Teams tackle the Smoky Mountain Relay with costumes, water balloons, breast pumps, and 80s music.
John Mitchell, a 34-year-old from Hendersonville, N.C., has been running on Western North Carolina’s roads and trails for a couple of decades. But that experience didn’t prepare him for running the Smoky Mountain Relay for the first time in 2015.
He remembers one cold and drizzly night in particular. He’s lying on the floor of a passenger van trying not to puke as the driver navigates a winding gravel road tucked along the mountains outside of Franklin, N.C.
He knows a few of his 11 teammates, but the rest are folks he’s just met. One of them, a woman named Caroline, is sitting on one of the bench seats pumping breast milk for her four-month-old. Another guy named Mike has jacked up the volume on the van’s stereo to 11—projecting a sonic boom of the Last of the Mohicans theme for miles. The team’s captain, Butch, even convinced a few people to fly in from Alaska to run with his Appalachian-based pals, which inspired the team’s name: the Appalaskans.
Oh yeah, they’re all wearing animal masks and costumes and the outside of the van is decorated with a theme of “What does the fox say?”
It’s been fun, but John’s fried. The team’s been moving for 30 hours and he’s already run two legs totaling something like 15 miles. He just wants to go to sleep. But he has one more leg to run—an eight-miler—and he’s not sure he can do it.
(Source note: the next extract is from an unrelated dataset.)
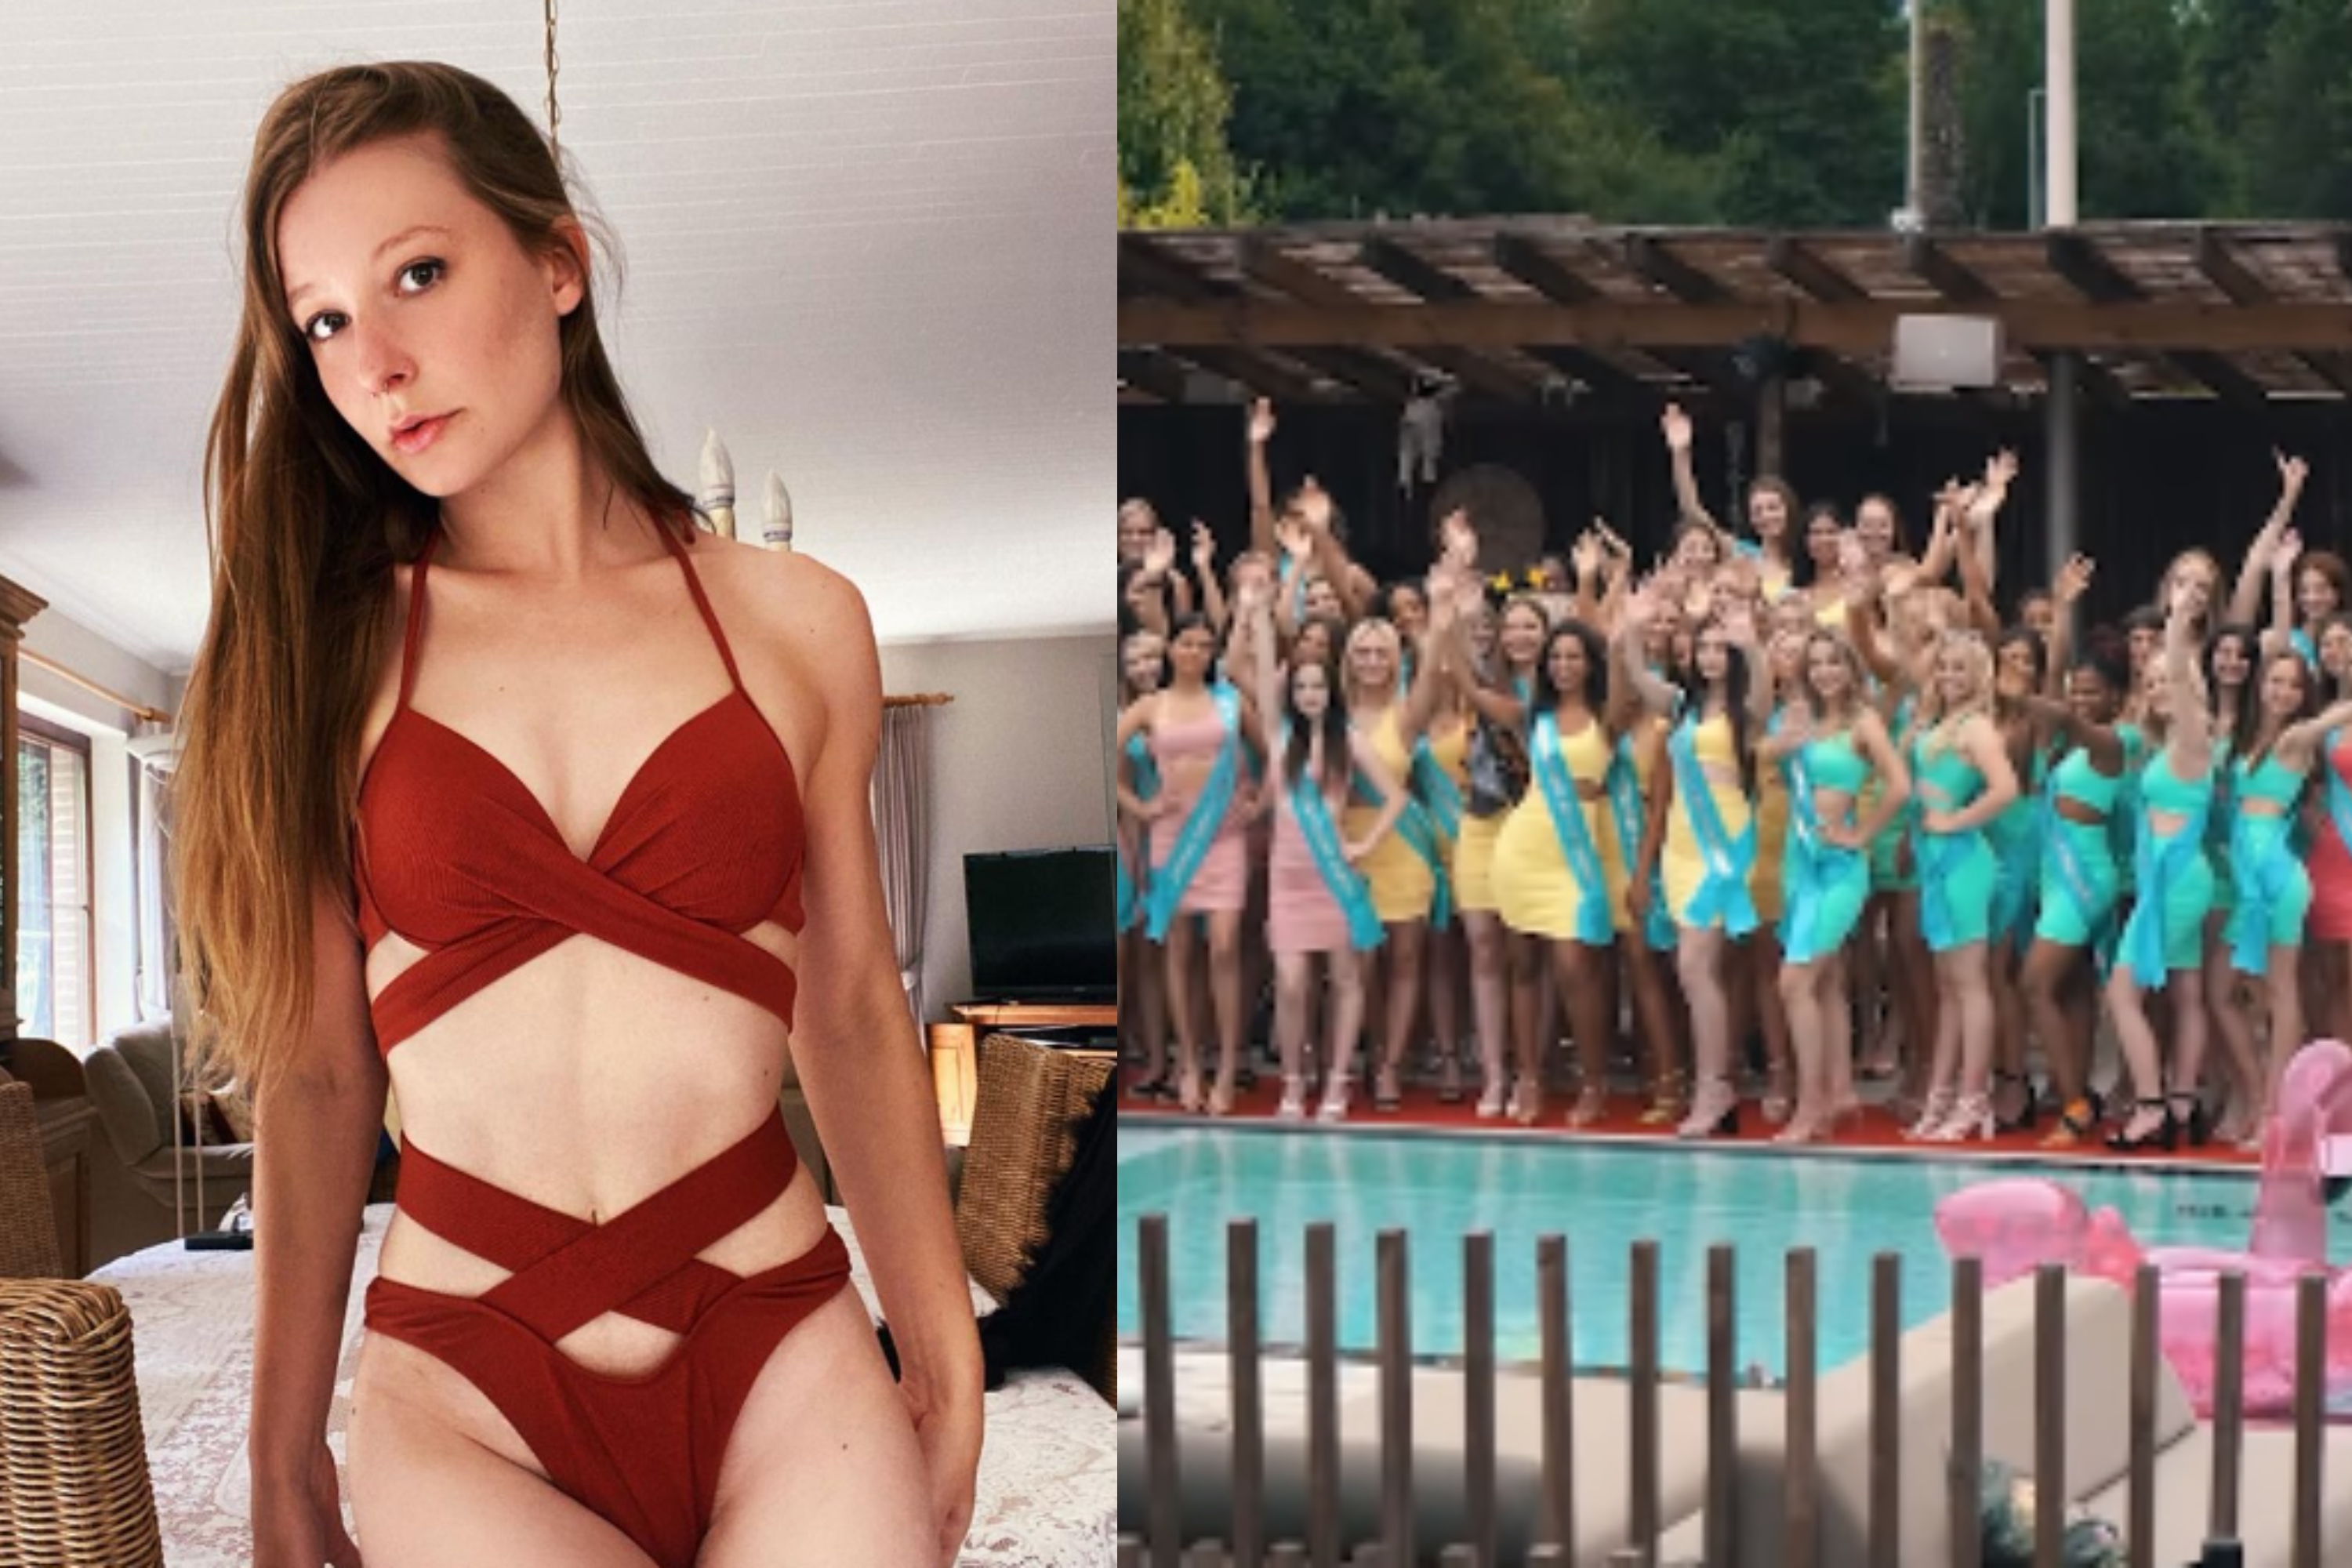 Une candidate à Miss Belgique propose des photos dénudées en échange de votes, lorganisation du concours va réagir image

Caroline hands him some kind of goo-based energy drink, and he throws it back while trying to munch down a stale bagel.
The van pulls over at a checkpoint: this is where they’ll meet Jen, who is running now and will pass the snap-on bracelet to John so he can start his leg. Just then, as the team spills outside the van, the sun begins to break across the ridges. The honeyed-light dripping over the landscape seems to activate something inside John and his teammates. DJ Mike begins dancing with a guy alternatively nicknamed PowPow or Speed Goat. When the beam from Jen’s headlamp peaks over the hill, everyone begins screaming, hollering, and cheering.
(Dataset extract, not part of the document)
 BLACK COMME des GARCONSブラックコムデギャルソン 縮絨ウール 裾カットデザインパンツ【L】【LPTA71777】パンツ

John still wants to quit—to tell his teammates he can’t do it. But he knows they are counting on him. Everyone is posting incredible split times—they’re egging each other on to run faster than they ever have. He figures he can run at least a little bit farther before his heart explodes.
As Jen stretches out to hand over the bracelet, DJ Mike blasts out the theme to Chariots of Fire—which sends a chill through John’s spine. He grabs the bracelet—and takes off.
Team relays have become increasingly popular among runners in recent years, especially in the Southern Appalachians where road races like the 208-mile Blue Ridge Relay (BRR) and even new events like Ville-to-Ville—where runners will travel some 73 miles between Asheville and Greenville, S.C.—sell out in minutes.
But the Smoky Mountain Relay (SMR), which takes place from April 20-21 this year and covers some 206 miles—often goes overlooked. Like the BRR, the SMR was modeled after the famous Hood to Coast race that takes place in the Pacific Northwest. What makes the SMR special, as least for many of the teams that have run it since it began in 2014, is that it stretches through some of the most stunning scenery you can find in our area.
Starting out at Pink Beds State Park, teams of runners—which range from six to twelve—and their support vehicles weave their way across the landscape on mostly forest roads and, in a few cases, trails and bridges. Each team will complete 36 legs—each with its own unique twists-and-turns and ups-and-downs—over the course of about 36 hours until they cross the finish line next to the roaring rapids of the Nantahala Outdoor Center.
While there is always a healthy sense of competition, most teams focus more on having fun. There are even prizes awarded for the best costume theme. Creative standouts over the years have ranged from Pac-Man and Forrest Gump to a squad of Star Wars-themed storm troopers. An all-female team called the Pussyfooters (featured image) ran clad in leopard-print gear. There has also been a team of six male runners who called themselves DILF—which rhymes with MILF, if you know what we mean—which included one runner who dressed up as a policeman who “arrested” runners from other teams while another ran his routes in a Borat-inspired thong.
The unique combination of scenery, camaraderie, and just plain zany fun is why the people who run SMR are so passionate about running it again year after year. But there’s some scuttlebutt that this year might be its last unless more teams sign up—which just baffles anyone who has run it. After all, this relay isn’t just for PR-obsessed runners; it’s also about groups of friends coming together for a wild weekend running through the woods.
John runs his final leg by focusing on putting one foot in front of the other. Left right—left right. The road hugs the Little Tennessee River, where the rising sun zaps foggy-wraiths rising from the water. He thinks he might be seeing things. With about a mile left to go, the van pulls alongside as his teammates whoop and holler their encouragement. He waves back at them. And then, with a flourish of triumphant noise, his team speeds off to the next checkpoint to await him on their way to the finish line.
“We did something special together in the dark coves and high ridges of the Great Smoky Mountains,” says John. “For a moment, we forgot about everything but fulfilling our promises to one another. Friendship is about shared experience. That is what team running is all about.”